**** Given data

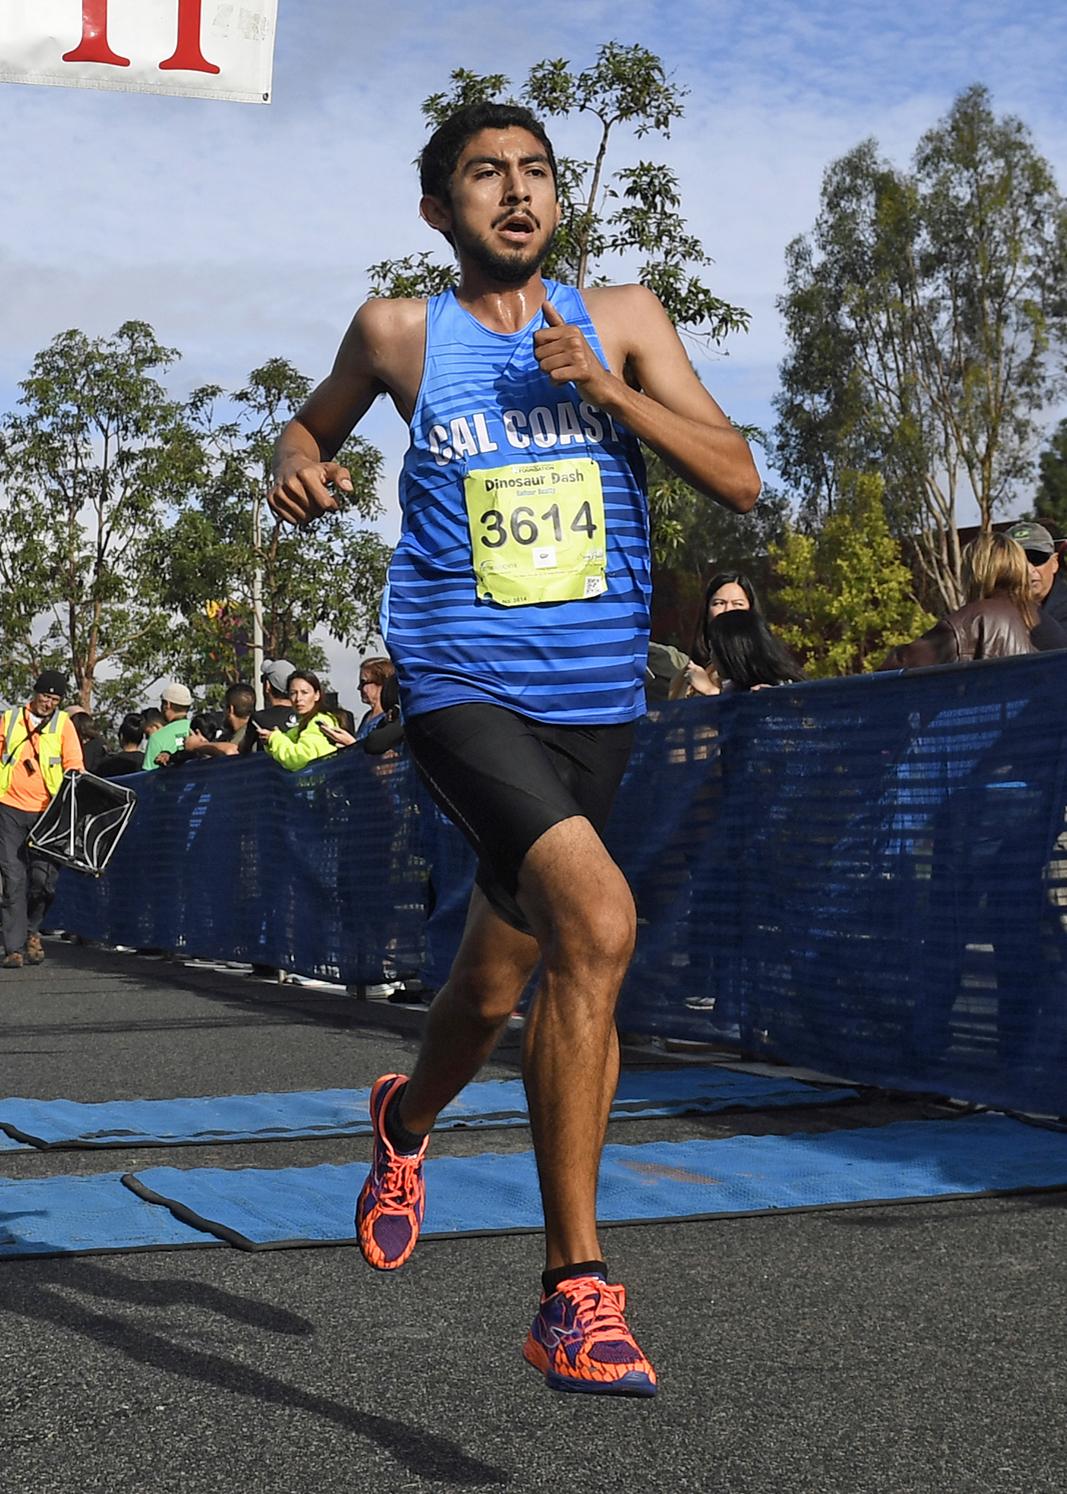 Jose Penaloza - Personal Record in the 3000 meters of 8:40Personal Record in the 5000 meters of 14:46Personal Record in the 8000 meters of 24:42Personal Record in the 10,000 meters of 30:38Personal Record in the Half Marathon of 1:11:58
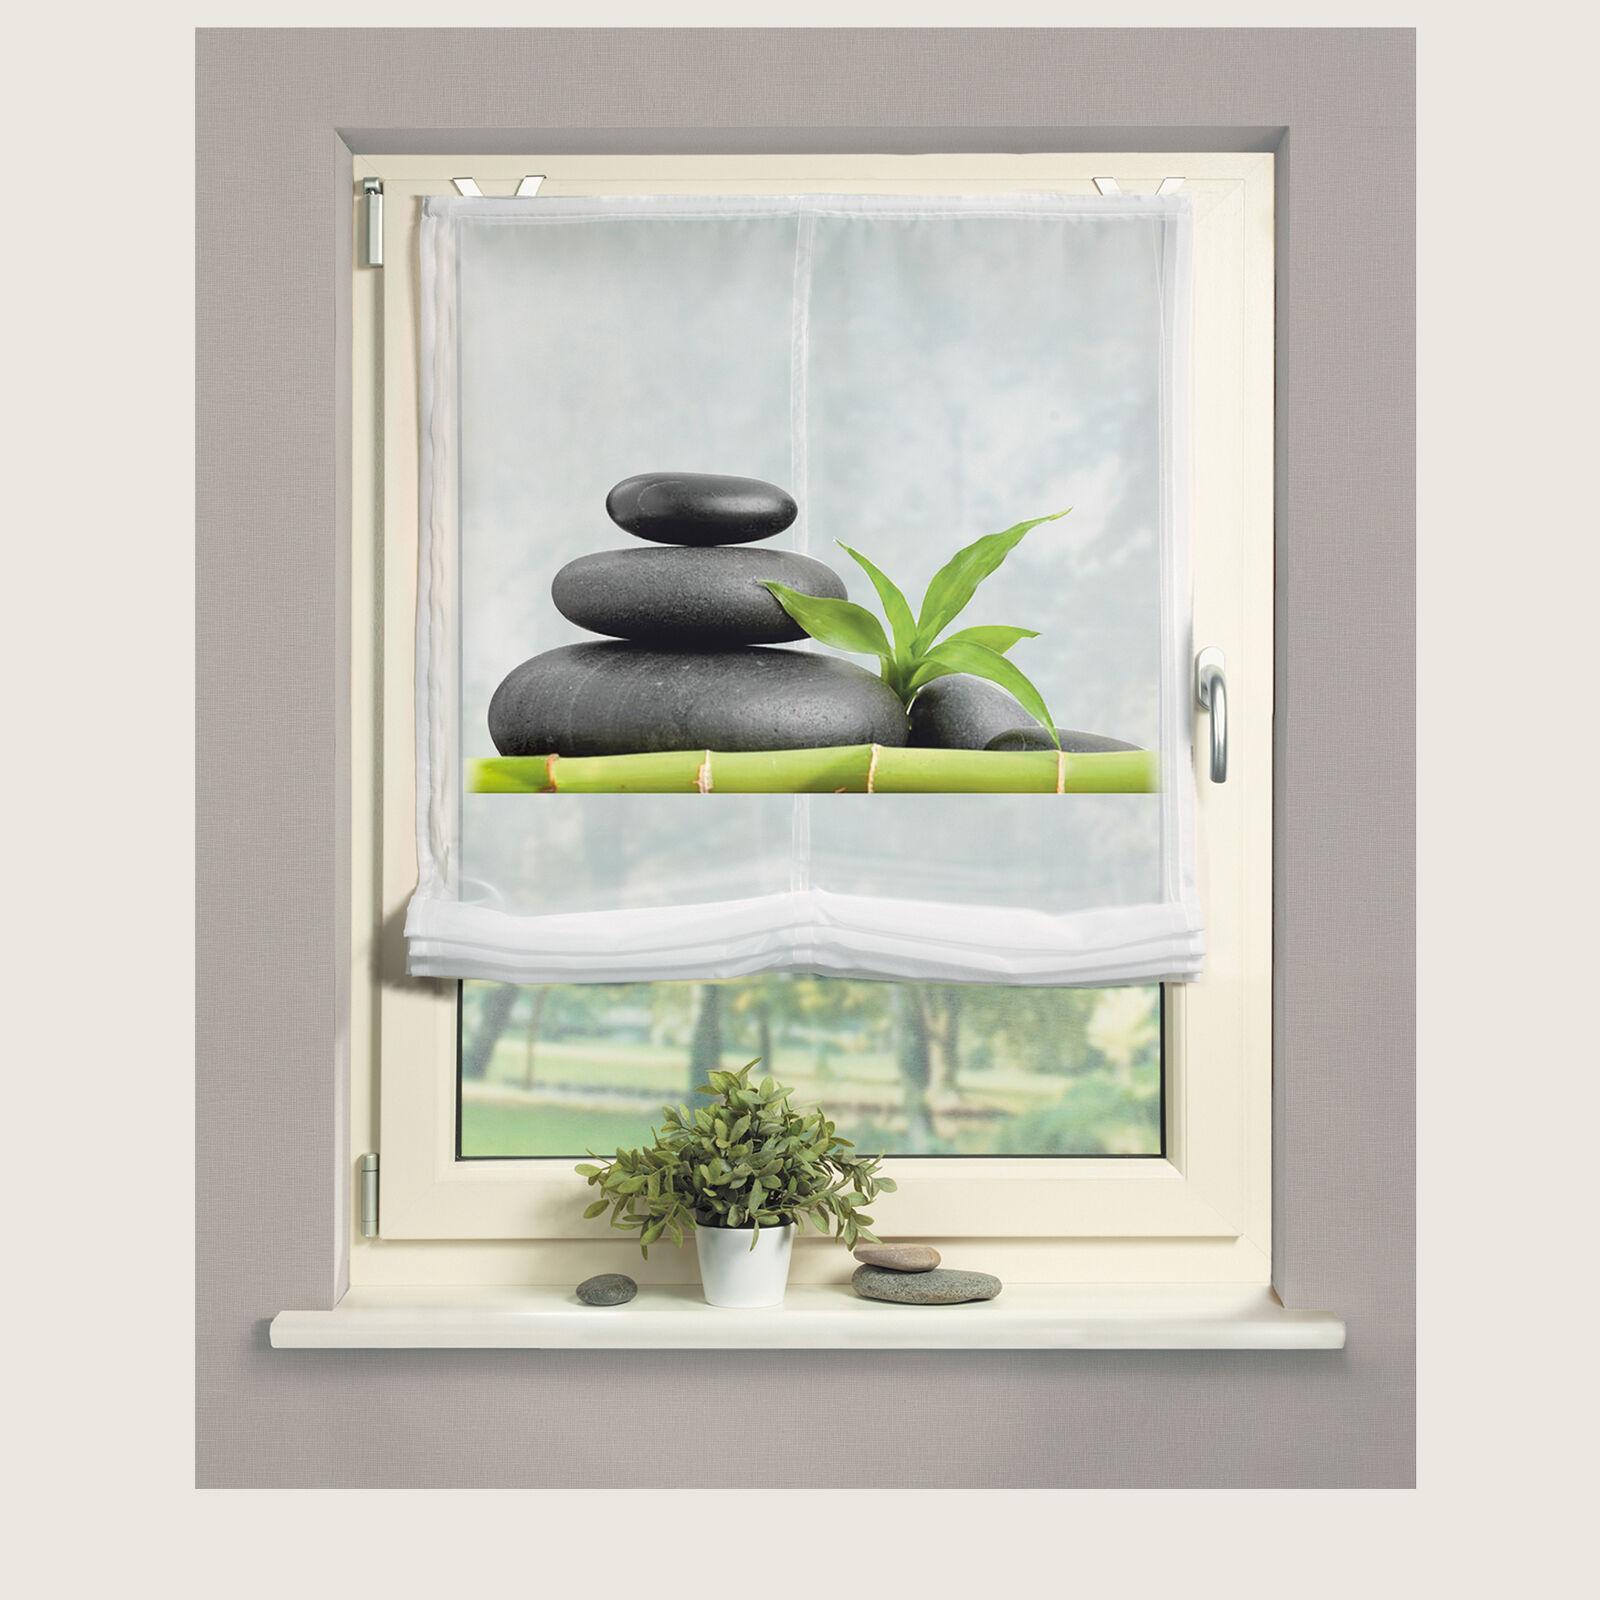 carozo raffrollo raffgardine raffstore rollo easyfix home wohnideen schmidtgard ebay. Black Bedroom Furniture Sets. Home Design Ideas
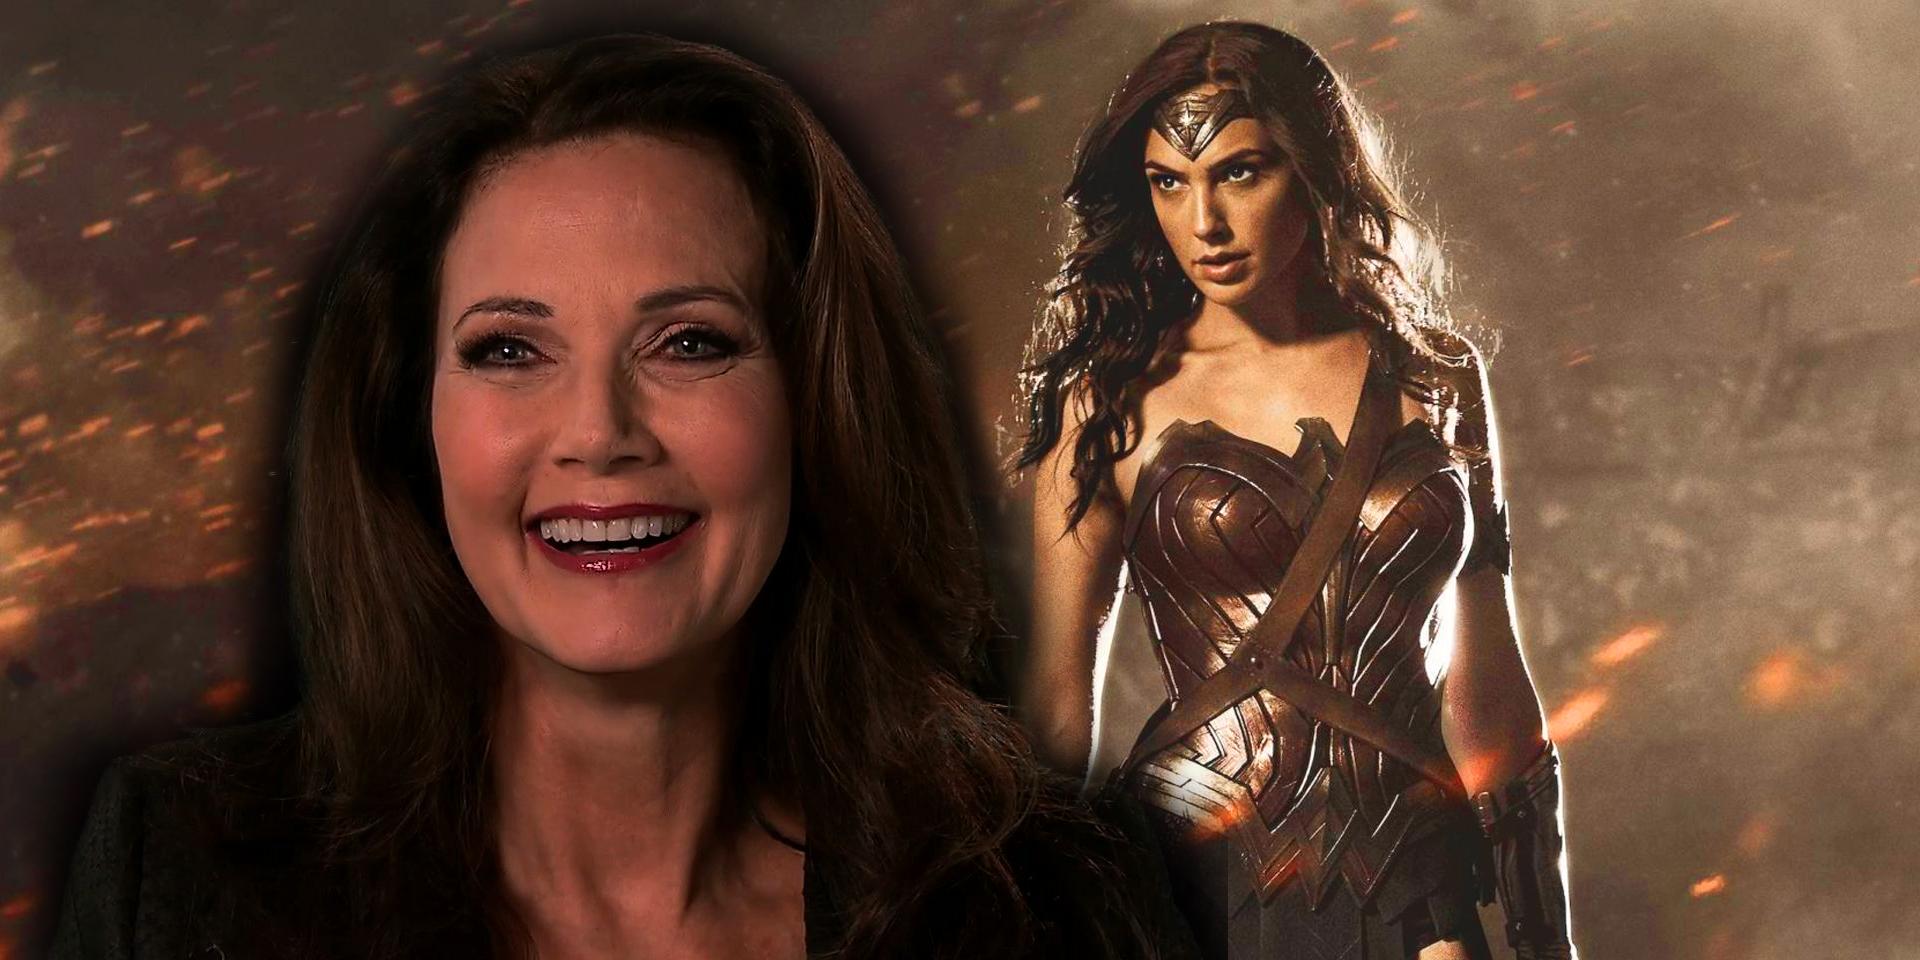 Lynda Carter headshot superimposed over an image of Gal Gadot as Wonder Woman

********

_The task:_
Return the data verbatim, leaving out the pictures it holds.

_Output below:_
 Jose Penaloza - Personal Record in the 3000 meters of 8:40Personal Record in the 5000 meters of 14:46Personal Record in the 8000 meters of 24:42Personal Record in the 10,000 meters of 30:38Personal Record in the Half Marathon of 1:11:58
 carozo raffrollo raffgardine raffstore rollo easyfix home wohnideen schmidtgard ebay. Black Bedroom Furniture Sets. Home Design Ideas
 Lynda Carter headshot superimposed over an image of Gal Gadot as Wonder Woman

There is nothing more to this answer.